28 мая этого года в Республике Беларусь состоится второй тур парламентских выборов, который и покажет, будет ли в этой стране новый высший законодательный орган — Верховный Совет, способный если не противостоять курсу президента Александра Лукашенко, то хотя бы внести ясность в итоги общебеларусского референдума. Референдума, на котором избиратели положительно ответили на четыре вопроса. О придании русскому языку статуса второго государственного, о более тесной интеграции с Россией, о замене новой символики Беларуси на старую, советскую и о праве президента распускать парламент в случае нарушения последним Конституции.
Ситуацию в стране комментирует экс-председатель ныне действующего парламента, «дипозитарий» Беловежских соглашений, народный депутат Беларуси Станислав Шушкевич.
— Господин Шушкевич, как вы относитесь к тому, что произошло в стране 14 мая этого года?
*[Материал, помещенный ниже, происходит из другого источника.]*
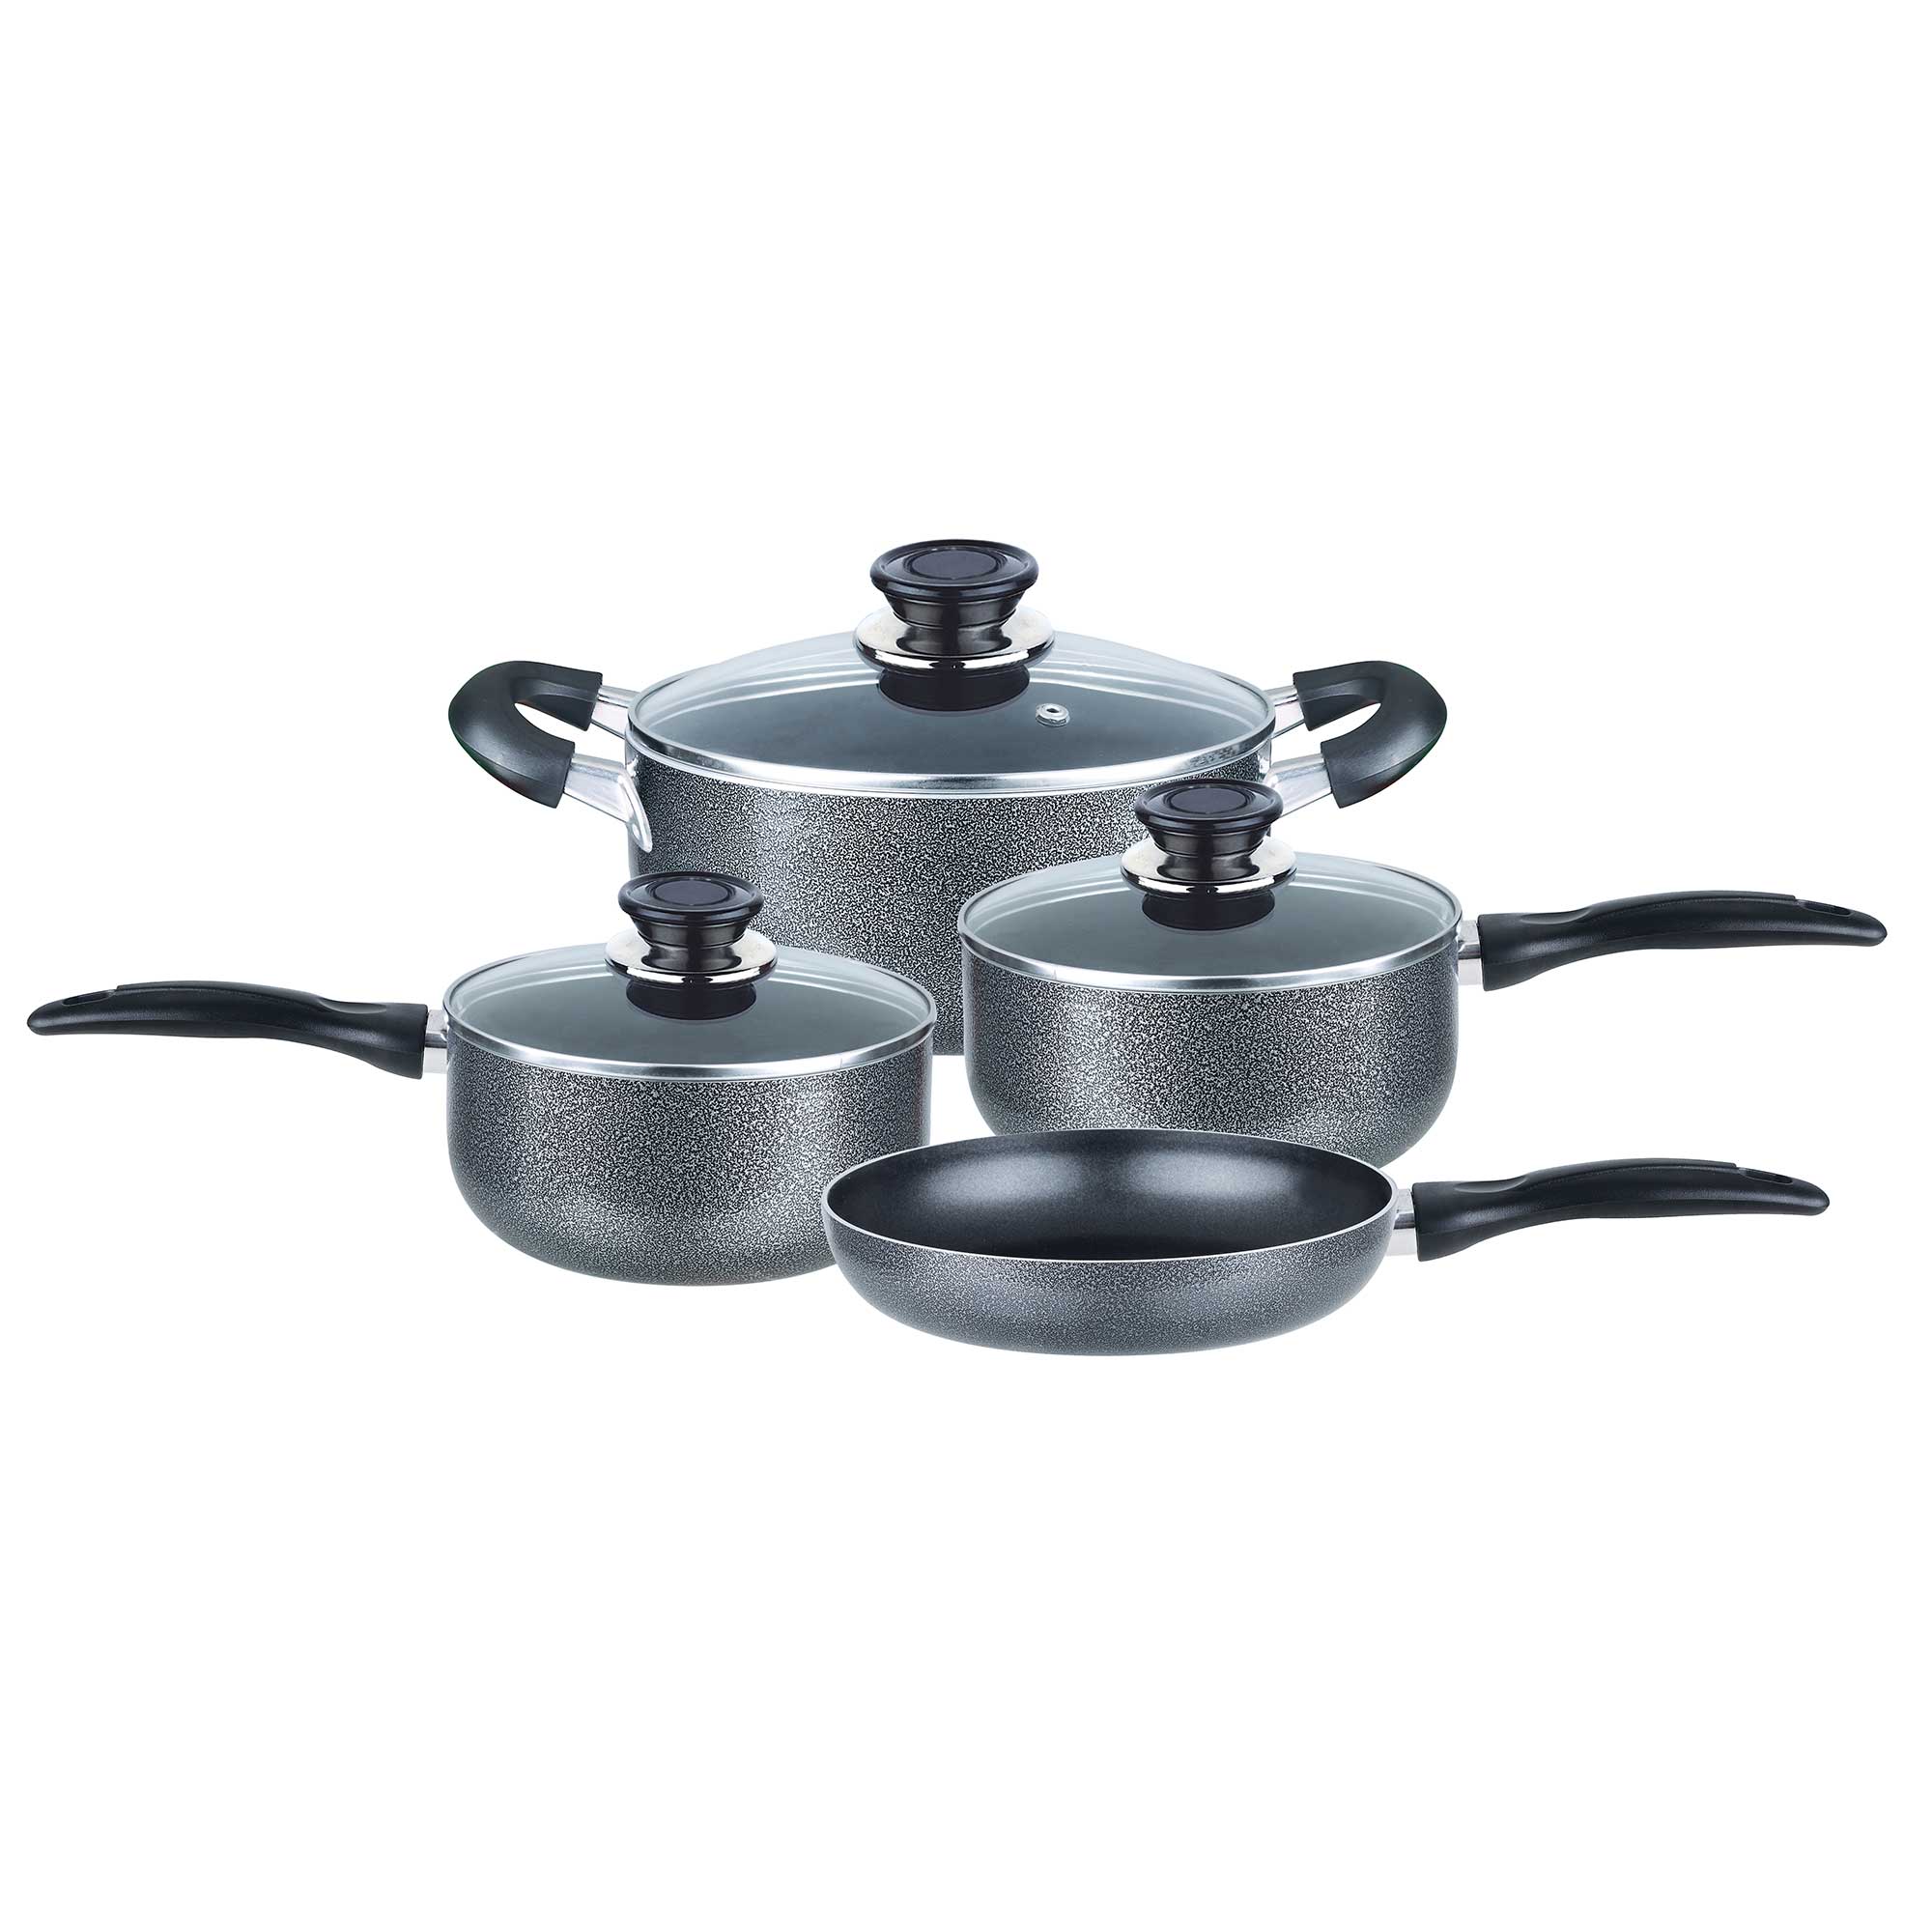 7 Piece Aluminum Non-Stick Dishwasher Safe Cookware Set, Pots and Pans, Black

Как вы расцениваете итоги этого дня?
— Начинать с 14 мая нет смысла. Все начиналось значительно раньше. Я бы сказал, когда был августовский путч в Москве в 1991 году, то наш парламент так испугался того, что его могут взять за грудки, что стал очень покладистым и напринимал кучу таких постановлений, которые не воспринимались нутром многих наших парламентариев. Но они приняли Декларацию о суверенитете, ратифицировали Беловежское соглашение, утвердили новую символику, человеческие праздники, наши традиционные, белорусские, утвердили христианские праздники и т.д.
Но потом у них получилось так: если продолжить эту линию, то нужно делать дальнейшие шаги. Не декларировать рынок, а вести к рынку. А вот это начало угрожать потерей многих привилегий, положения, должностей тех, кто был в парламенте. У нас, как вы знаете, было более 80% представителей Компартии и ею предложенных, в частности 50 человек назначенных ею ветеранов и инвалидов.
И вот этот парламент начал задумываться, а что же будет дальше. Ведь невозможно только наблюдать и потреблять, нужно же и работать, что-то делать. И, видимо, парламент решил, что нужно вернуться назад и таким образом остаться у власти. И сделал ставку на Кебича. И разработал Конституцию «под Кебича».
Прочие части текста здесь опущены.